Halitosis (Bad Breath)
Halitosis is a widespread condition and believed to affect one-quarter of the population around the world; also, most people have this condition from time to time. Breath malodor may be an important factor in social communication, and therefore may be the origin of concern not only for a possible health condition but also for frequent psychological alterations leading to social and personal isolation.
The most conspicuous malodorous compounds are termed volatile Sulphur compounds (VSCs), with hydrogen sulphide, methyl mercaptan, and dimethyl sulphide accounting for roughly 90% of the VSCs. A number of oral bacteria, especially Gram-negative anaerobic (bacteria that live without oxygen) species found in the subgingival plaque, produce a diverse array of malodorous compounds as byproducts of their metabolism, including VSCs and short-chain organic acids.
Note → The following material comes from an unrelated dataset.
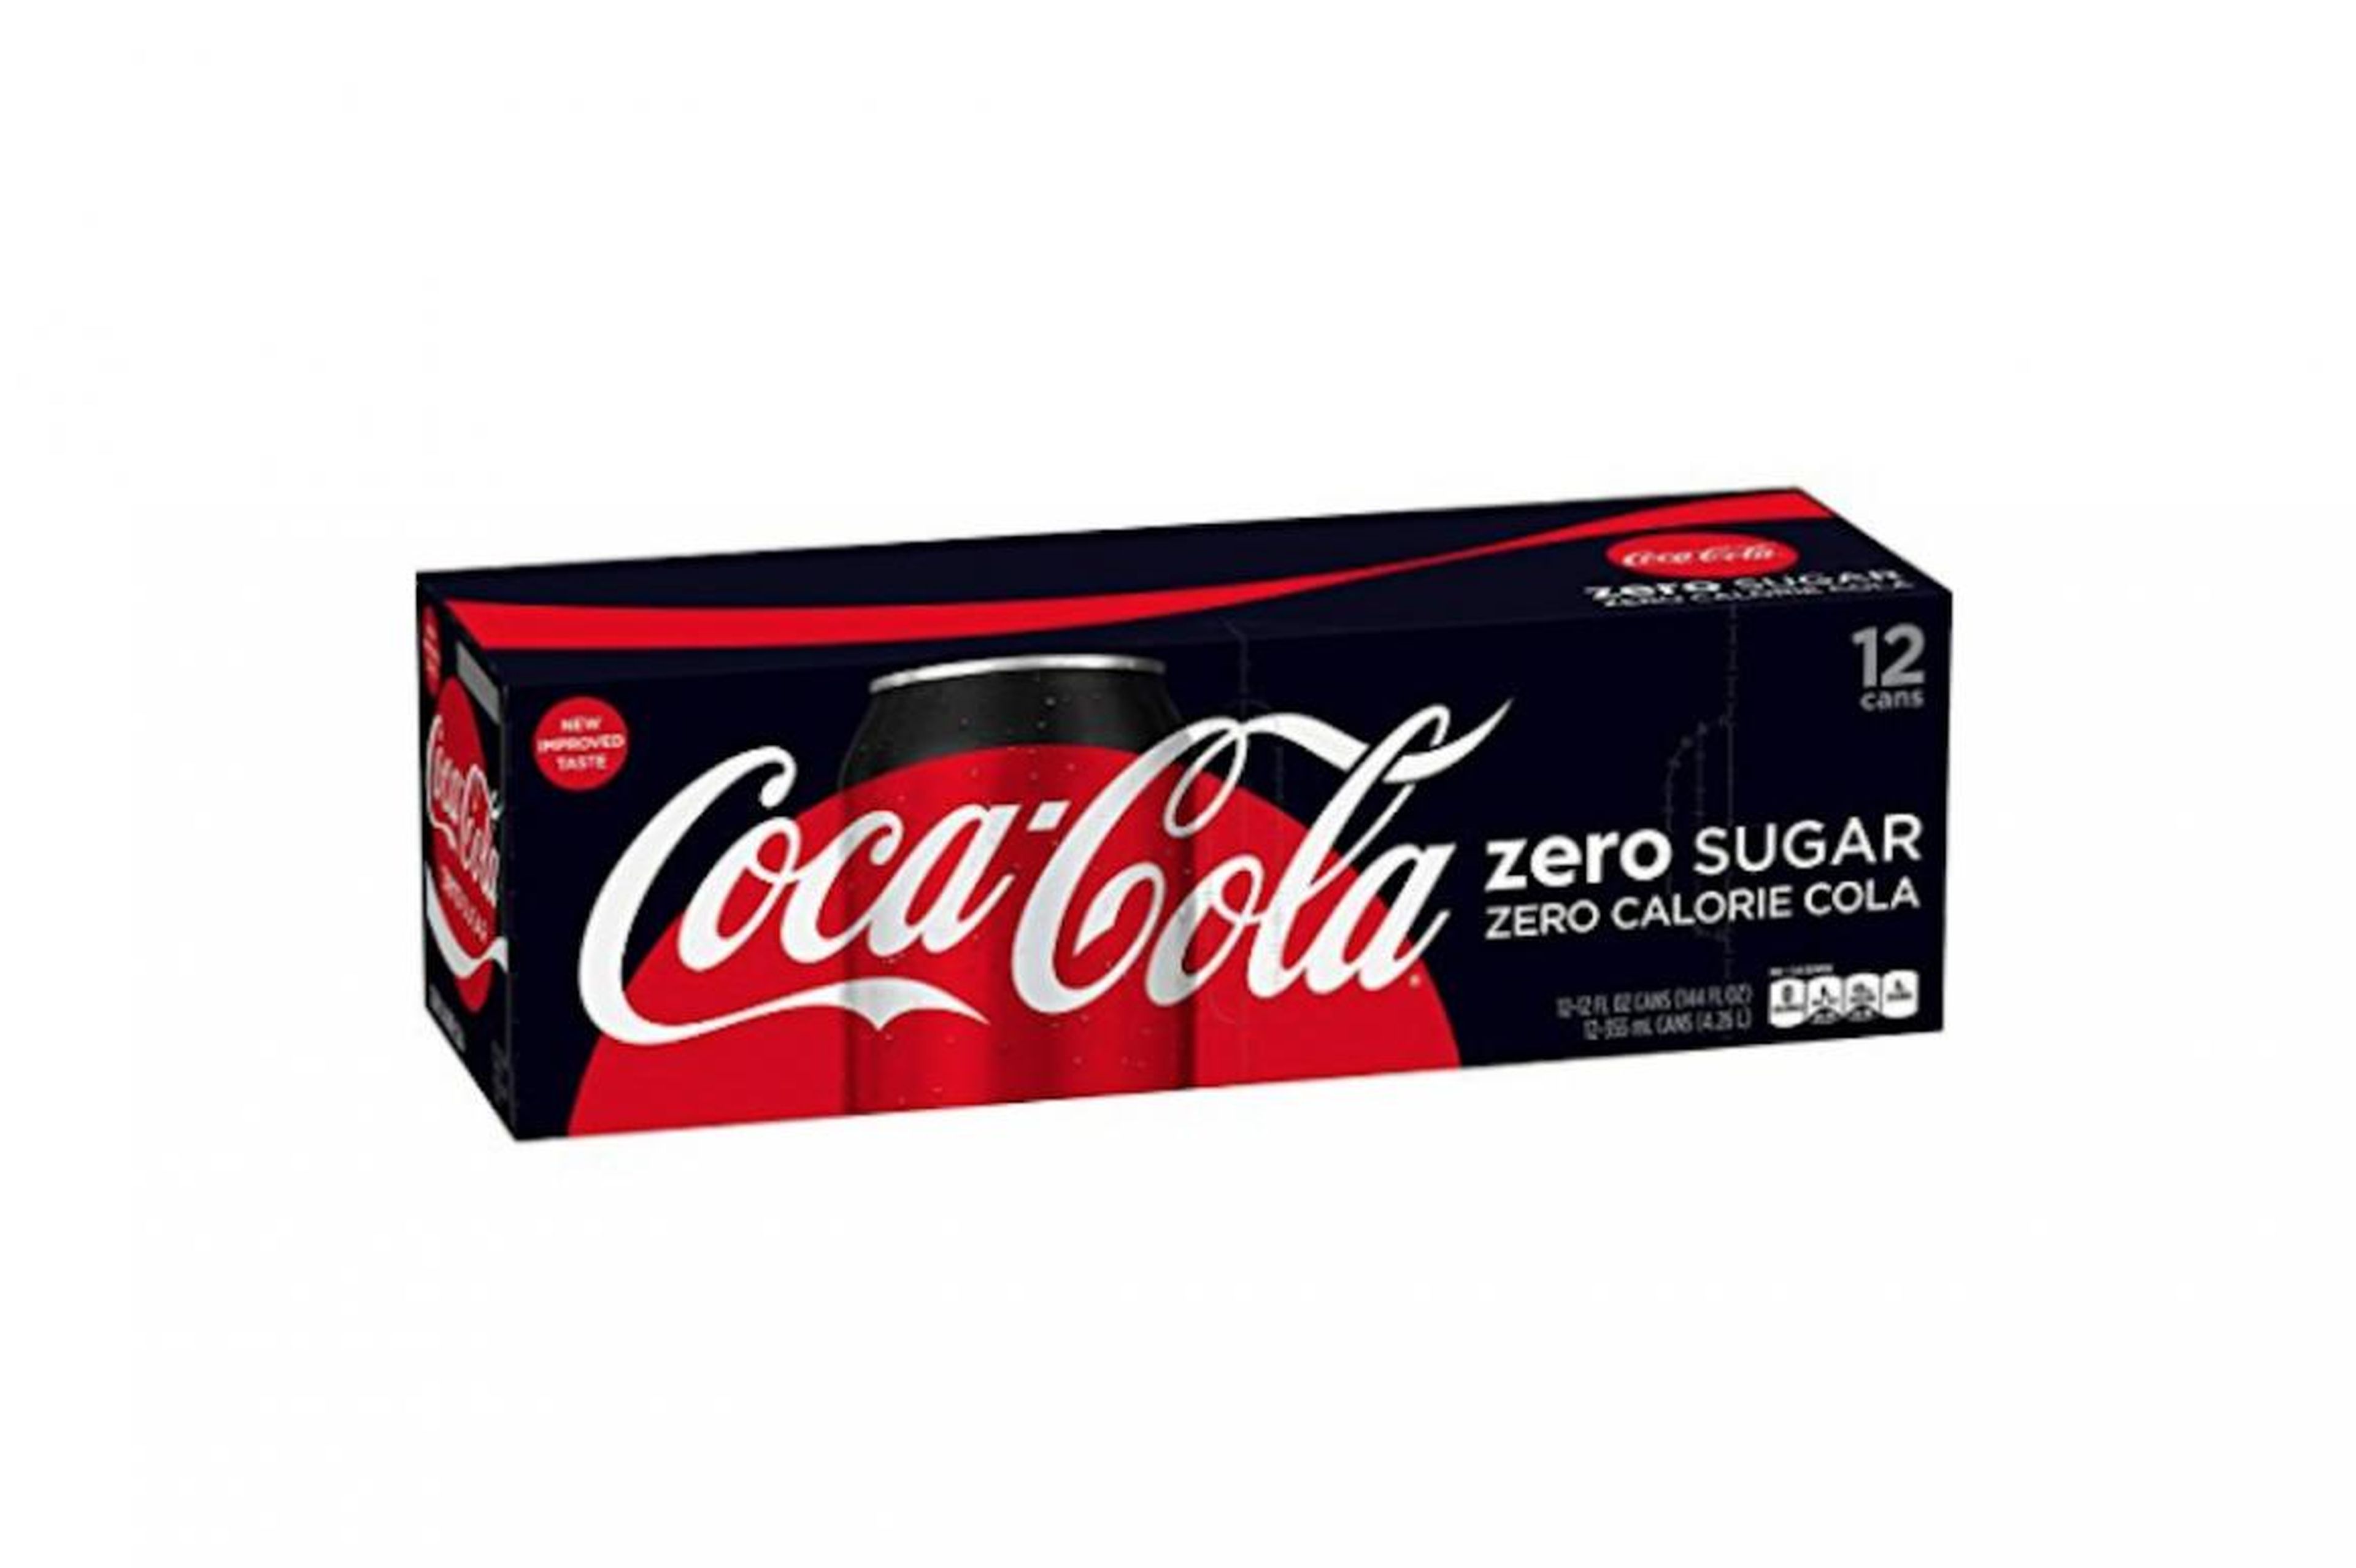 Singapore: In Singapore, <a href="https://amzn.to/2LgJ1ZT">Coca-Cola Zero Sugar</a> was a top seller.

Halitosis can arise from a variety of sources, including sinuses, gastrointestinal tract, ingested food, lungs, and, most frequently, the oral cavity. Oral production of malodorous substances is most commonly associated with byproducts of bacterial metabolic degradation and occurs on oral surfaces, in periodontal pockets, and especially on the dorsal tongue surface. These products result from microbial fermentation of proteins, peptides, and mucins found in saliva, blood, gingival crevicular fluid, lysed neutrophils, desquamated epithelial cells, and any residual food retained on the oral surfaces. Assessment and management of halitosis is of paramount importance in enhancing the overall health; moreover, dentists and oral hygiene play a significant role in combating halitosis by reducing the oral microbial stack.